One reason for my eagerness is that I want to talk to Ms. West and find out for certain if she’s the Gorgon Sthenno. I’m pretty sure—as sure as I can be—but it pays to be cautious. Especially after last night. I have to be a little strategic.

But the other reason is that I wanted to get out of the house before Mom and Dad were up. I knew Mom said Dad and I should talk this morning about my irresponsible behavior, but I couldn’t face the prospect. I couldn’t sit there and listen to them explain how disappointed they are in me and how I know better and how they thought they could trust me. It breaks my heart that I can’t tell them the real reason I disappeared last night. It breaks my heart that this new part of me, this shadow life with triplet sisters and a mythological legacy, might be causing a crack in the relationship I have with my parents. It kills me, but I don’t have another choice. Telling them is not an option. I have to keep my shadows to myself.

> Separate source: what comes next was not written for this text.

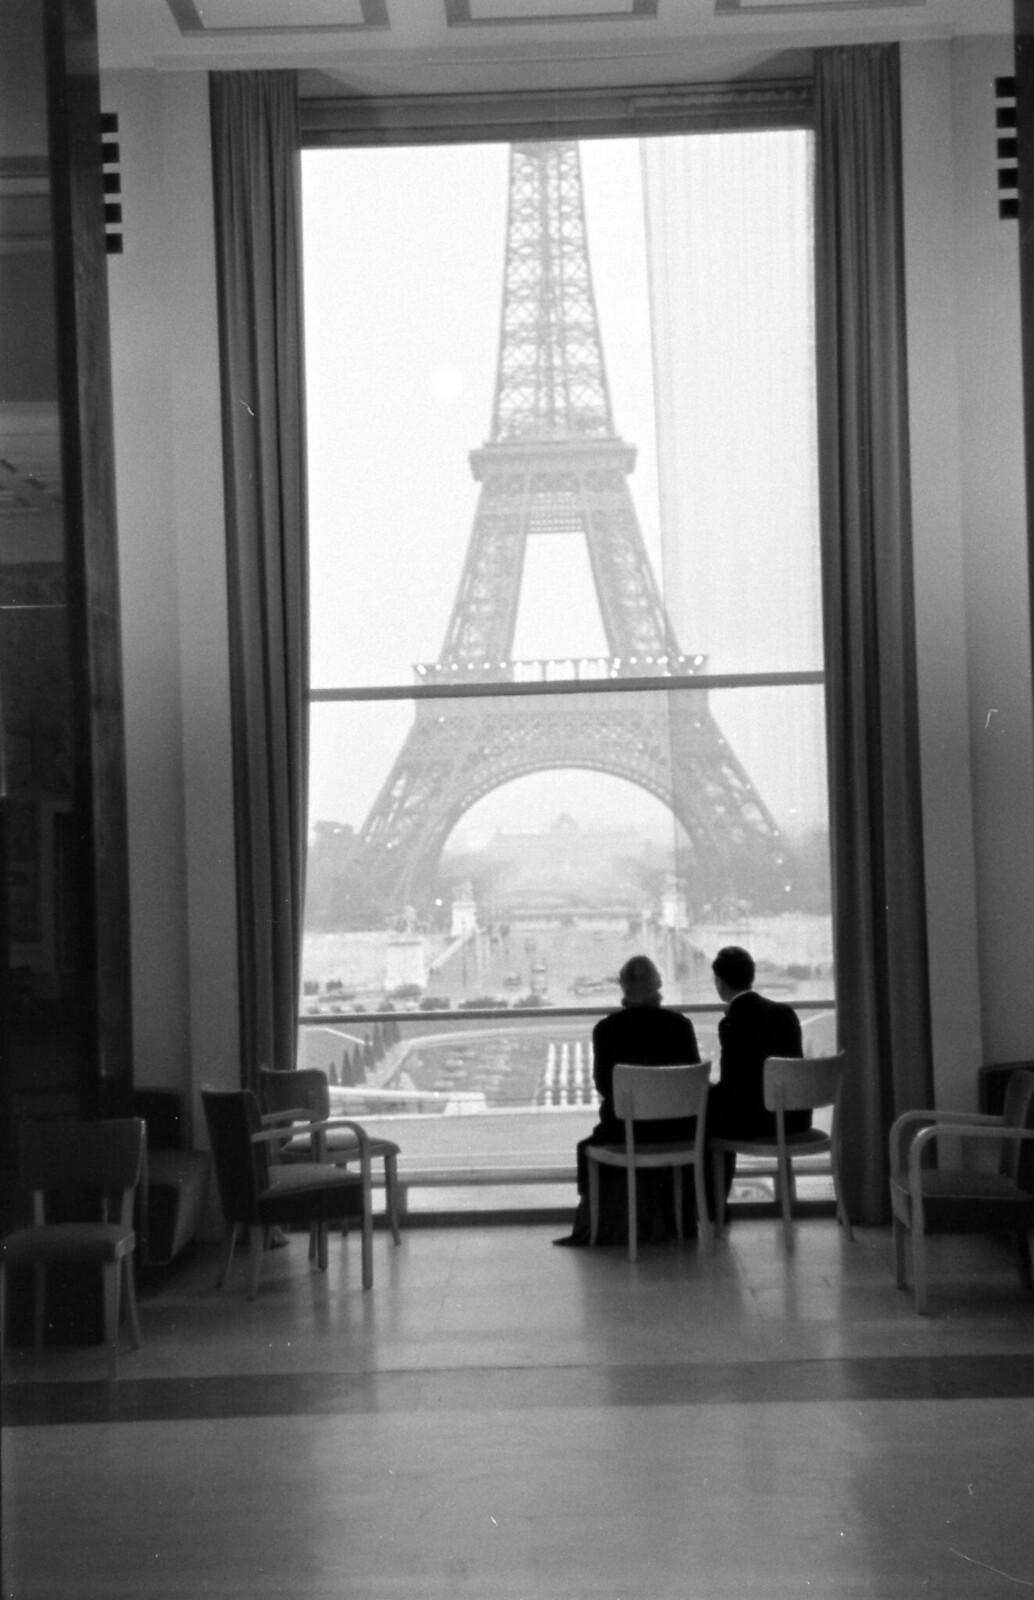 09. 1939. Мужчина и женщина смотрят в окно перед Эйфелевой башней

“Grace?” Ms. West asks as she arrives at her door. “Is something wrong?”

She looks the same as always: tall, elegant, poised. Wearing a crisp suit in a soft shade of gray and heels that would make Greer proud. Hair in a tight, low ponytail. Simple gold jewelry. Same generically welcoming look on her face.

Even though she hasn’t changed since yesterday, the way I’m looking at her has. I see the little details I missed before. The sense of strength emanating from every inch of her body. The ancient design of her earrings. And, most of all, the wisdom in her soft blue eyes. The wisdom of someone far older—by millennia—than the thirty-something image she presents.

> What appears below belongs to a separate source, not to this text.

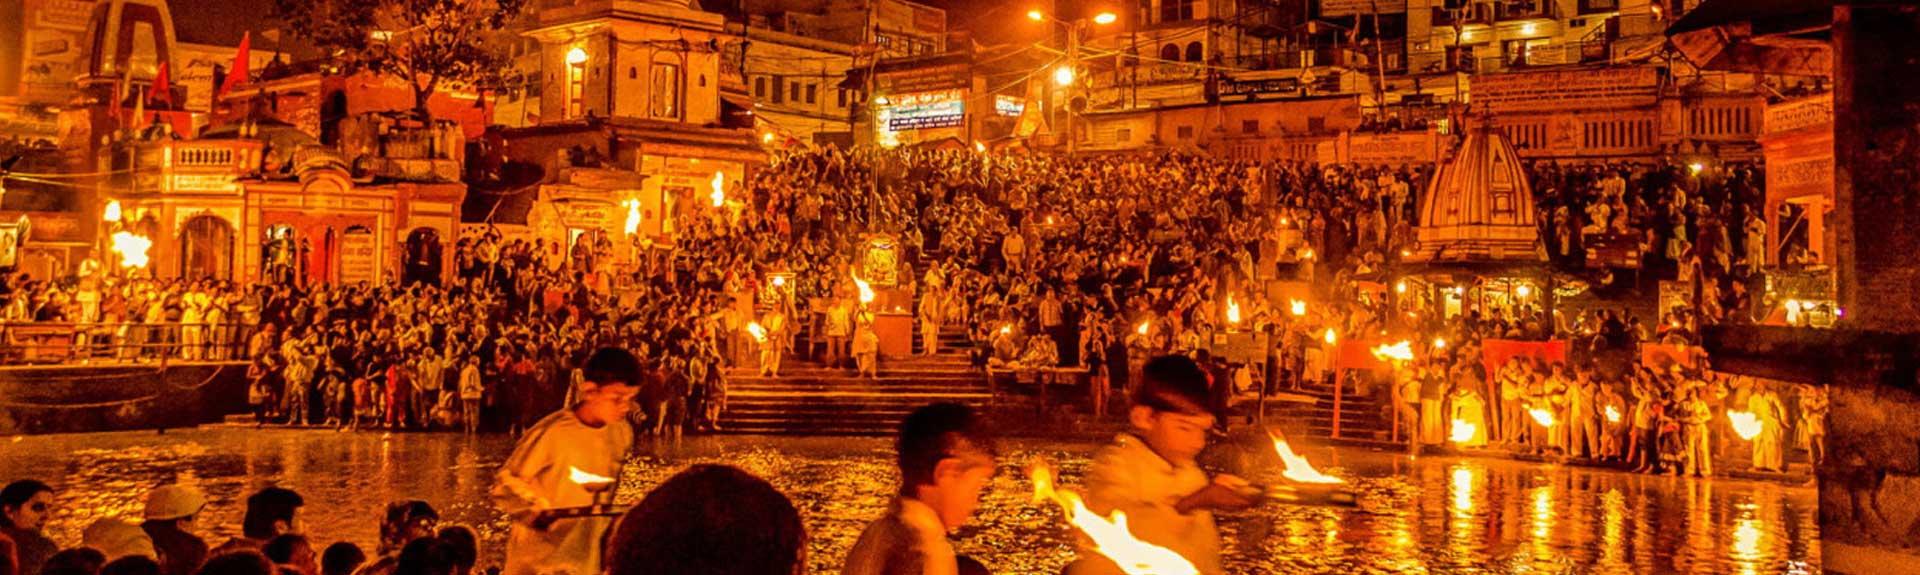 Get best chardham package in Haridwar

How did I miss these signs before? Or am I just seeing them now because I want to?

I can’t take the risk that I’m wrong, that I’ve guessed wrong. My sisters and I have too much at stake. So instead of asking,
Hey, aren’t you an immortal Gorgon?
I say, “Yeah. I need to talk to you about my English class.”

She smiles blandly and says, “Of course.”

As she unlocks the door to her office, I mentally play through what I want to say. By the time she has settled into the chair behind her austere desk, and I’m in one of the facing chairs, I’m still trying to figure out how to begin.

The picture on the wall behind her draws my attention. The pristine white sand, the brilliant turquoise waters. There’s something intensely familiar about it.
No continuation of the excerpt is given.